::: DATA SECTION :::
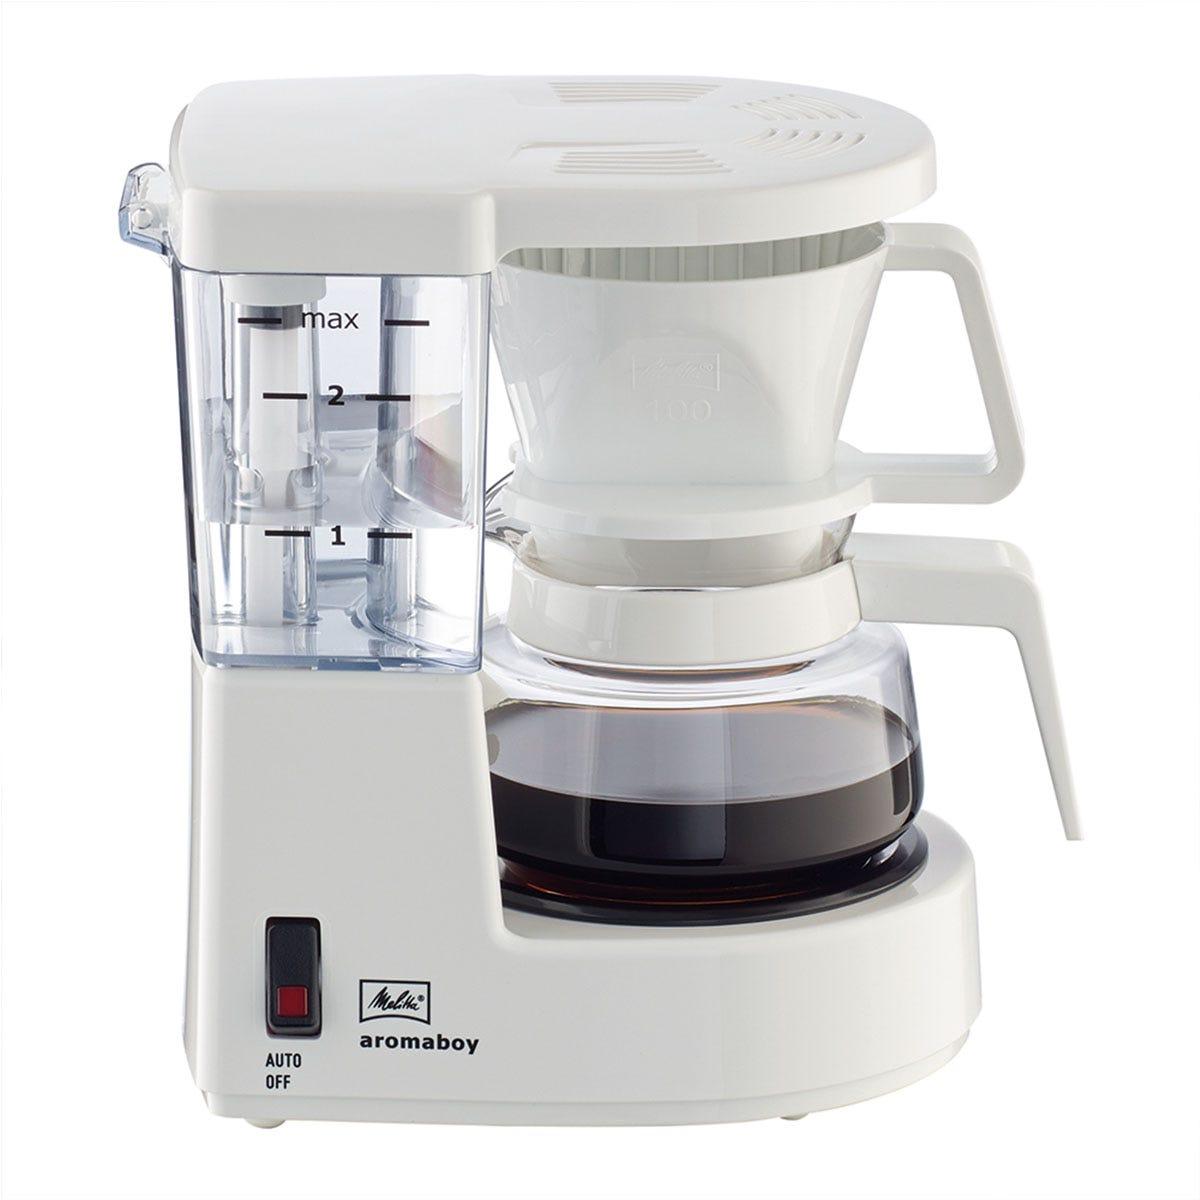 Melitta 6707248 Aromaboy 500W Filter Coffee Machine - White
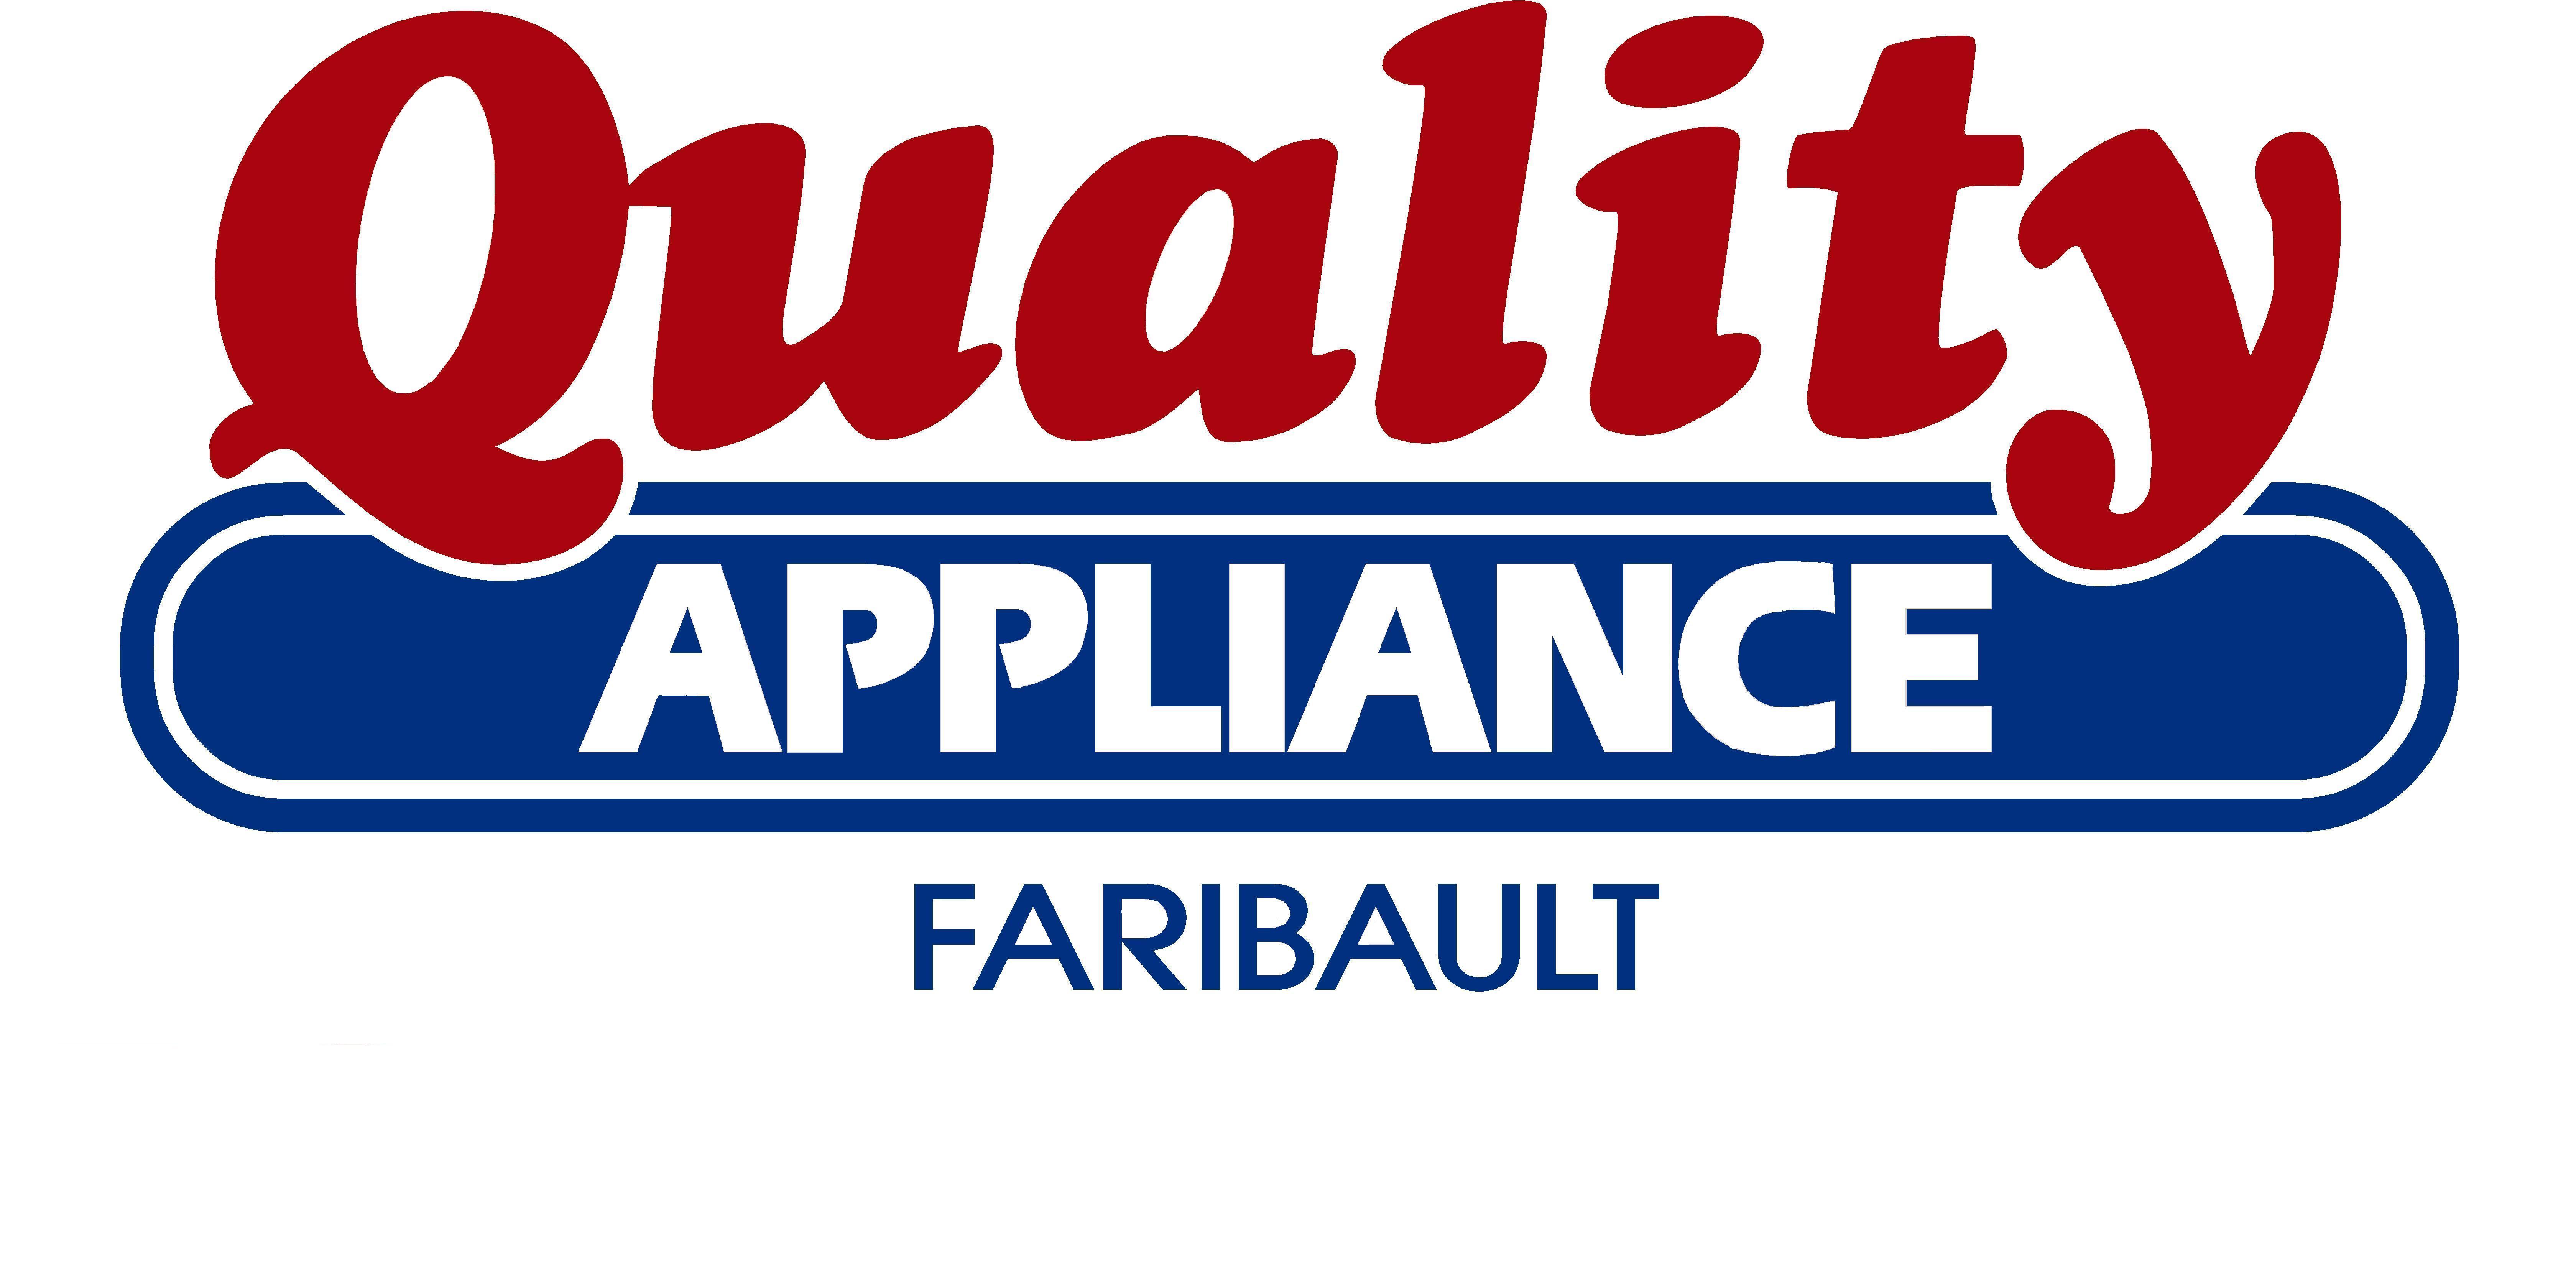 Silver - Quality Appliance - Logo
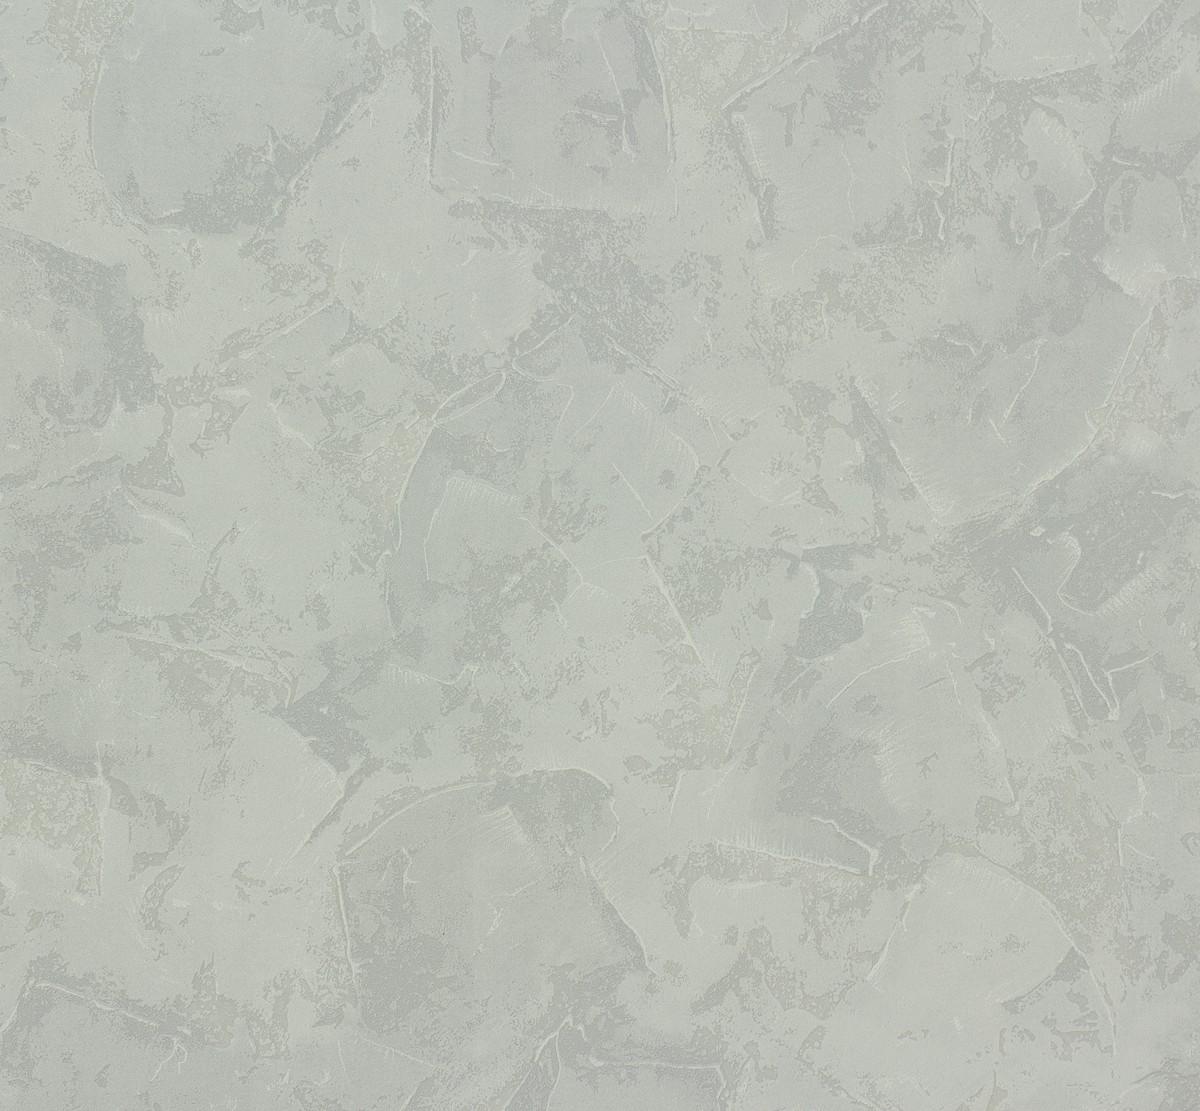 ok 6 vliestapete as creation 1482 85 148285 putz wisch optik hellgrau. Black Bedroom Furniture Sets. Home Design Ideas
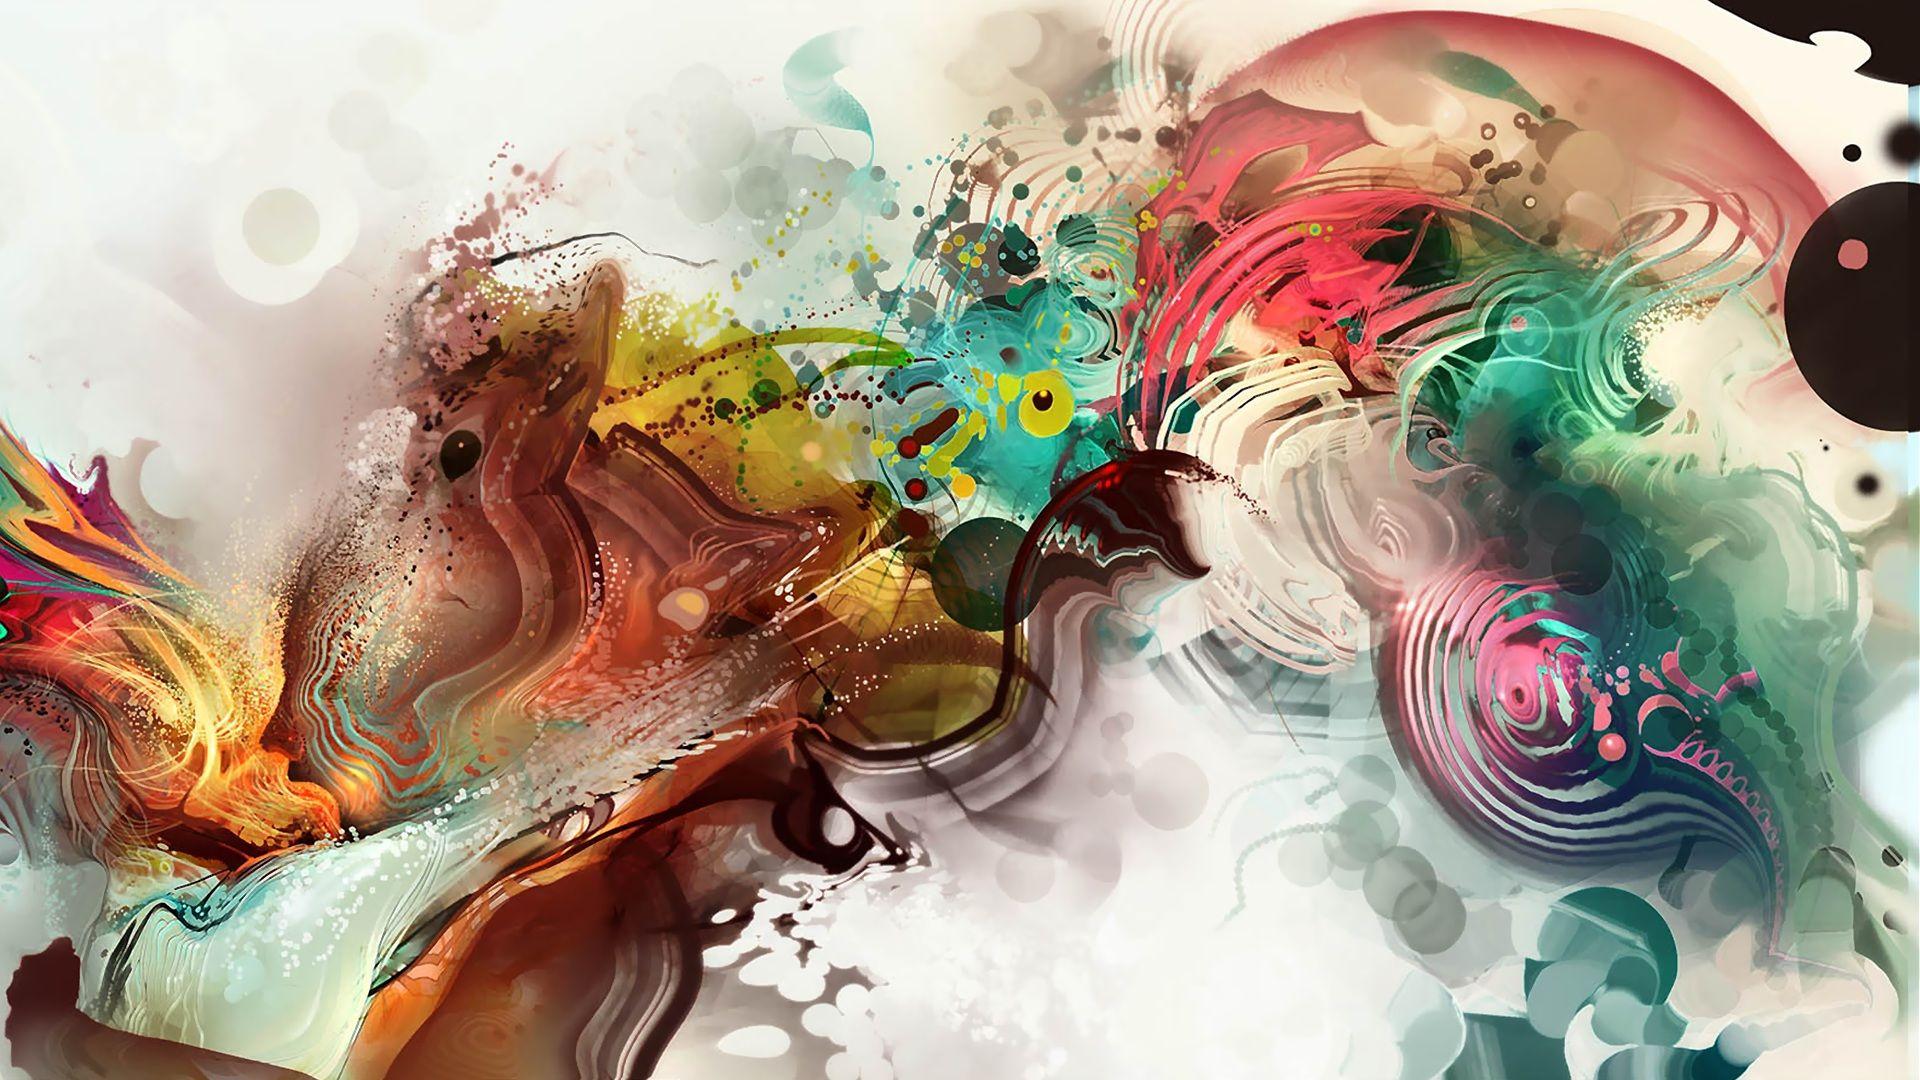 Android Jones abstract wallpaper Artistic wallpaper Cool 1920x1080
:::
Write the material above out again exactly. Omit every image.

* ANSWER SPACE
 Melitta 6707248 Aromaboy 500W Filter Coffee Machine - White
 Silver - Quality Appliance - Logo
 ok 6 vliestapete as creation 1482 85 148285 putz wisch optik hellgrau. Black Bedroom Furniture Sets. Home Design Ideas
 Android Jones abstract wallpaper Artistic wallpaper Cool 1920x1080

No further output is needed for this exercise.